The question is simple: Would you rather be rich or famous? The answer is also simple: I’d rather be rich, because you can be famous for the wrong reasons.

Now I have proof, because I grew up with somebody who’s now famous ... and I’m not sure if it’s a good thing.

I had a pretty average life in Townsend, Mont. I was a 4-H member for a few years and spent my high school years as a member of the speech and drama team. In both of these activities, I was joined by classmate Esther Reed.

Esther transferred out of Broadwater High School after our sophomore year, and I really hadn’t thought of her until last Friday. That’s when a friend had passed me some stories about her on CNN.com, the New York Times, the Seattle Times and other media outlets.

Reed, who left Montana in 1994 to live with family in Washington, had pretty much disappeared from her family in 1999. When they heard of her again, she was the subject of an Army investigation of identity theft and a fraudulently gained education.

Investigators told CNN that about the same time Reed disappeared, a South Carolina woman named Brooke Henson disappeared as well. It’s unknown if there are other connections to the pair, but police have said Reed found a way to acquire paperwork identifying herself as Henson, a woman of the same age and physical description. Assuming the identity of Henson, police said, Reed acquired a GED, took the SAT and landed an education at Columbia University.

That story was shocking enough, but my parents sent me a story from the Seattle Times, which said that Reed, assuming the identity of Natalie Bowman, studied at Cal State-Fullerton and got into Harvard via a professor’s recommendation letter.

Further in the story, it details the story of a suspicious boyfriend who went through her purse and found seven different forms of identification.

It was quite a stretch to think of Esther Reed in that way, but then I remembered that I knew nothing about her. Reed, as my former speech coach Jim Therriault told CNN, “was the kind of kid who would have been invisible if you didn’t take pains to notice her presence.”

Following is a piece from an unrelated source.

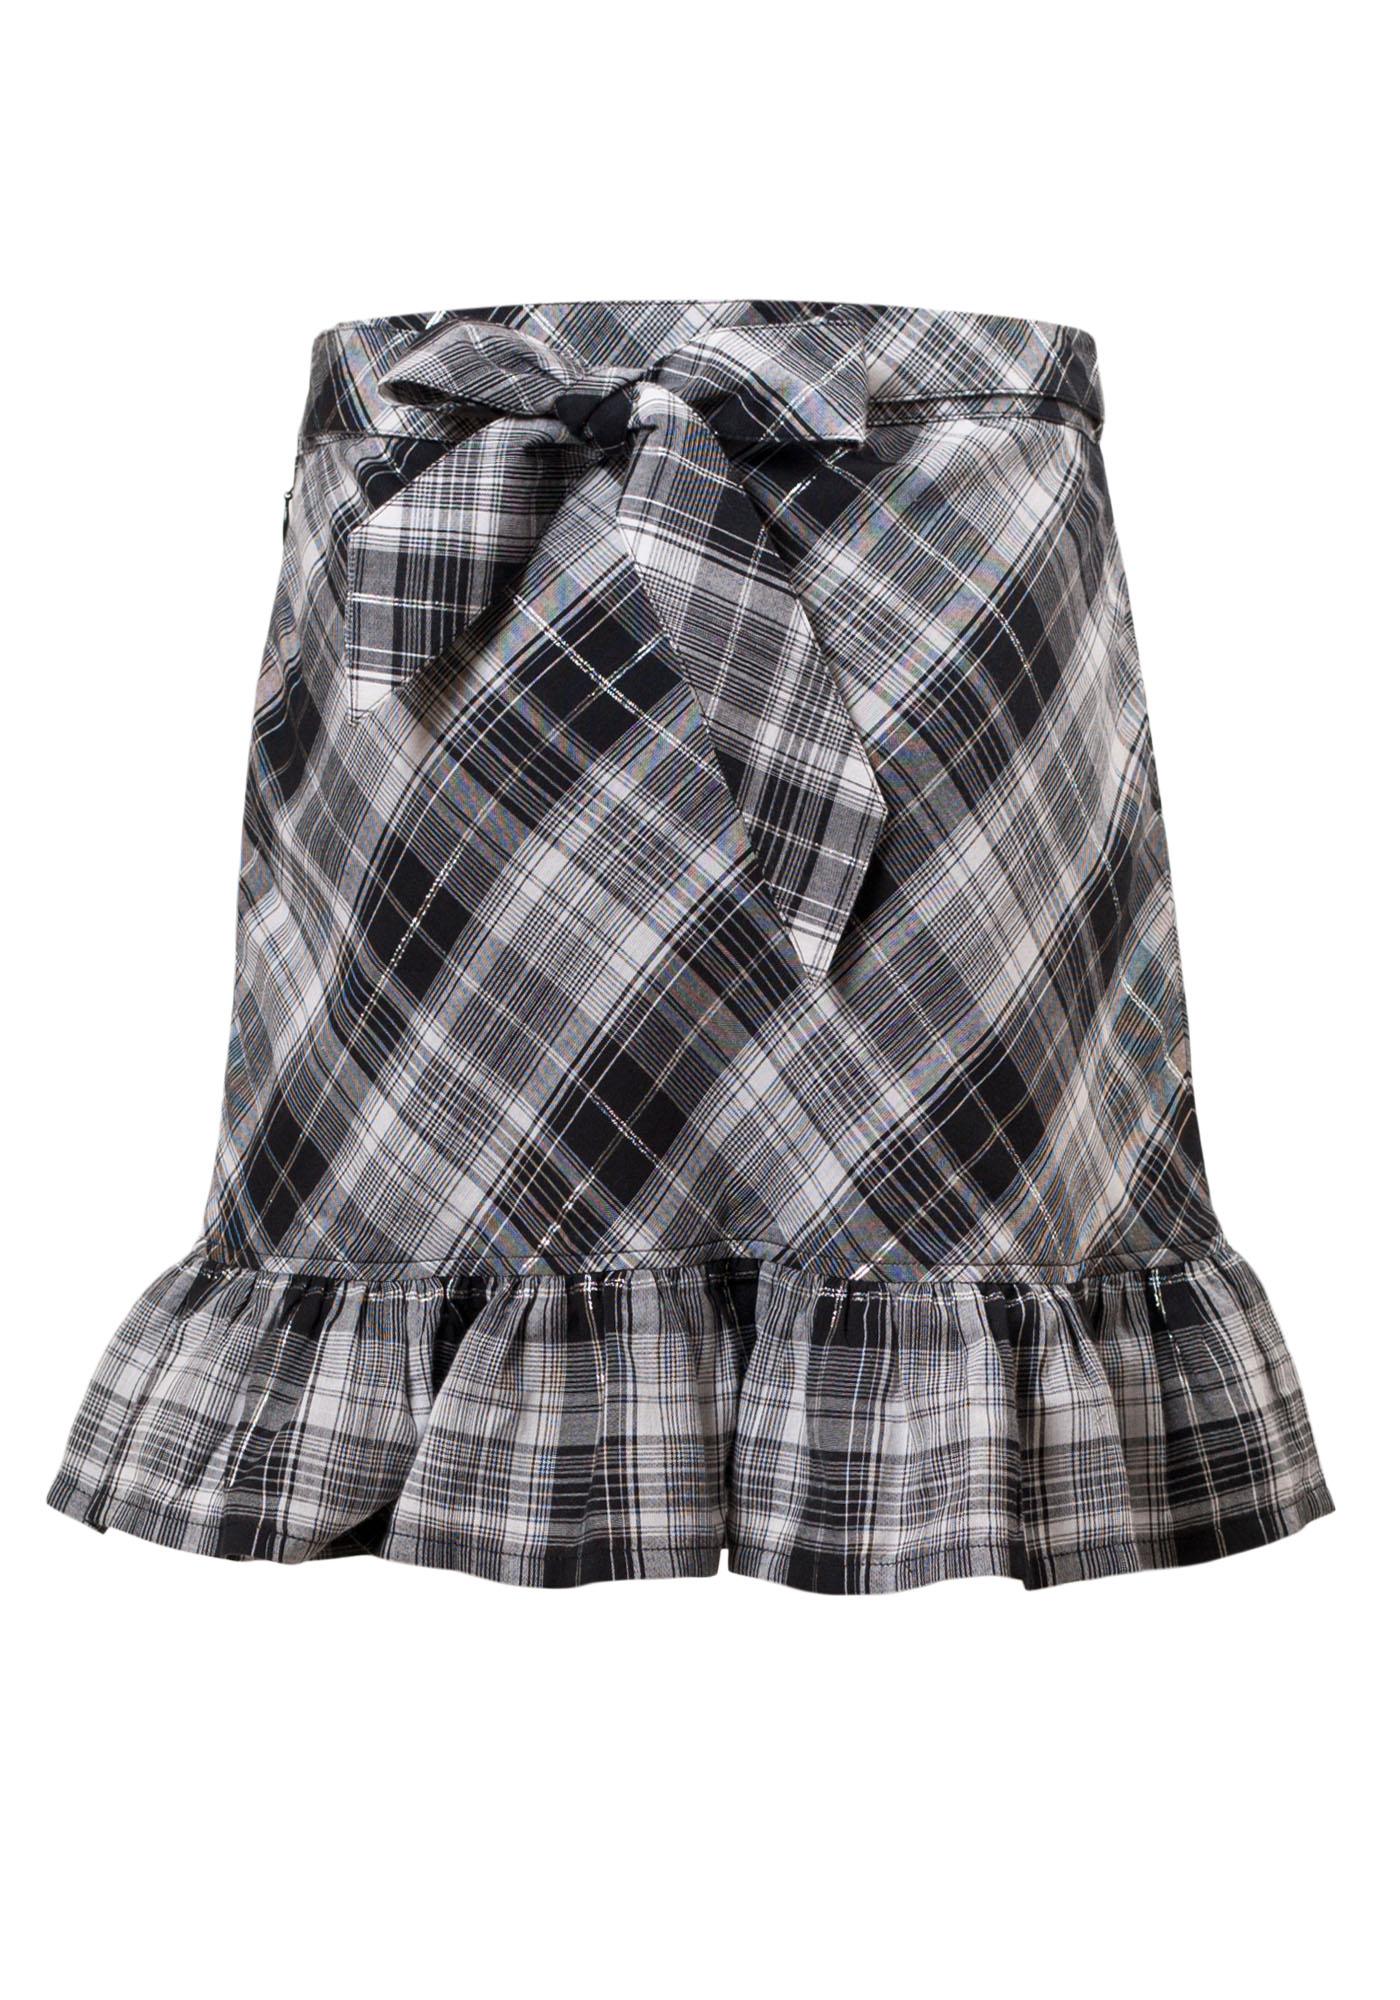 MINC Petite Elegant Girls Ruffle Skirt in Black & White Checks Cotton

Her presence was pretty much nonexistent to me from 1994 through 2006. I may never know what happened in the 13 years between, but there’s no guarantee I even knew what went on in the preceding years when she was just the girl winning trophies in speech and drama and discussing her fair projects during our Old Baldy 4-H club meetings. I’m not advocating criminal activity and I mean no disrespect to the family of Henson, but I have to say I’m impressed with what Reed is accused of doing.

This story is going to get more complicated as authorities and media outlets uncover more details, and it is looking more and more like we could someday see a movie about these events in the style of “Catch Me If You Can,” the tale of master con artist Frank Abagnale.

Esther Reed, or Brooke Henson, or Natalie Bowman, could be a character in a movie someday, and I can only hope that nobody is cast in the role of Kevin Wilson when the movie tells her backstory.

After all, being famous has its drawbacks.